Now it’s time to select which fields of your form will be encrypted by Relay — and when those fields will be encrypted. There are two options. First, encrypting a field regardless of the route it is sent to (globally). Second, encrypting a field on a specific route.

In this tutorial, we are going to use route-specific encryption to encrypt the phone field. The method used is POST. The route is /submit.

Specifying fields to encrypt

Specify fields to encrypt

If you submit the form hosted at your Relay domain and check your Replit console, you should see a log that looks similar to:

Console
Sending SMS for { name: 'Claude Shannon', phone: 'ev:AqQ=:Q2xhdS2luZw=:$' }

Great! Now you’re using Relay to encrypt the submitted phone number. This means that your server is no longer handling plaintext, readable data. If your server is compromised, the data breached will be encrypted and unreadable.

Initializing the Evervault SDK

The final step related to Relay is to include and initialize the Evervault SDK so that any outbound requests from your server are decrypted as they pass out of your app. To do this, paste the code below at the top of your index.js file:

javascript
// Including the Evervault SDK
const Evervault = require('@evervault/sdk');
// Initializing the Evervault SDK
const evervault = new Evervault(process.env.EVERVAULT_API_KEY);

You will need to create and save a secret in Replit called EVERVAULT_API_KEY. This will be your Evervault Team’s API key which is available in Settings in the Evervault Dashboard.

Fetch your API key

Let’s summarize where you are. You’ve:

  1. Created an Express.js server (index.js),
  2. Created a HTML form for collecting a name and a phone number from a user (index.html),
  3. Connected your form to your server,
  4. Integrated Evervault Relay so that phone numbers submitted to your form are encrypted before they enter your server, and
  5. Included the Evervault SDK so that outbound requests from your server are automatically decrypted.

Next, you’ll deploy some Node.js code as a Cage to verify that the phone number a user submits is valid.

Your first Cage

The magic of Evervault is that although you never handle sensitive data in plaintext, you can still use and process it — without the risk of it being breached. This is where Evervault Cages come in. Cages are isolated serverless functions hosted on Evervault for processing the data you encrypt with Relay.
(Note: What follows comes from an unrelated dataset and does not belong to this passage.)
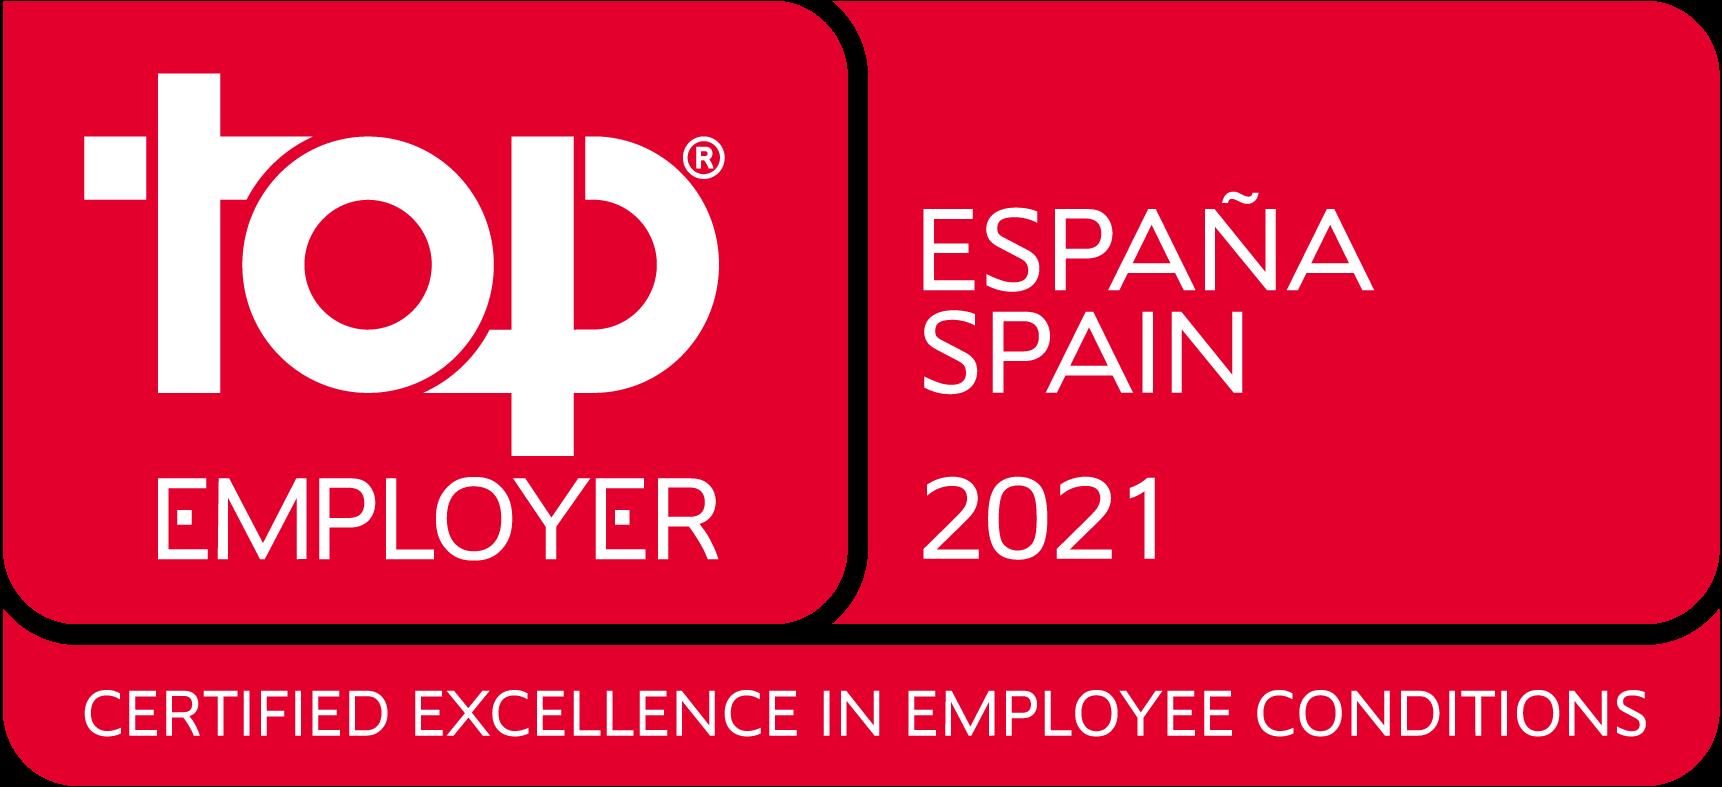 Top Employer Spain

Now we’re going to create and deploy a Cage to verify that the phone numbers submitted to your form are valid.

Creating a Cage

First, in the Evervault Dashboard, create a Cage using our GitHub integration. Select Choose template and, then, authenticate with GitHub. For this, you’ll need a GitHub account — so, create a GitHub account if you haven't got one already. Once you’ve authenticated with GitHub, you can select the ‘Verify Phone’ Cage template. This will automatically deploy a Cage on Evervault and create a repository in your GitHub. We recommend naming the repo 'verify-phone-number'.

Create a Cage

Navigate to your new repo in GitHub (the URL is available on your Cage's page in the Evervault Dashboard). You’ll notice that the index.js file contains the following code:

javascript
const { phone: validatePhone } = require('phone');
exports.handler = async ({ phone }) => {
const { isValid, countryIso2: country } = validatePhone(phone);
return {
isValid,
country,
};
};

Verifying phone numbers

This Cage uses the phone library to validate the phone number and returns the result.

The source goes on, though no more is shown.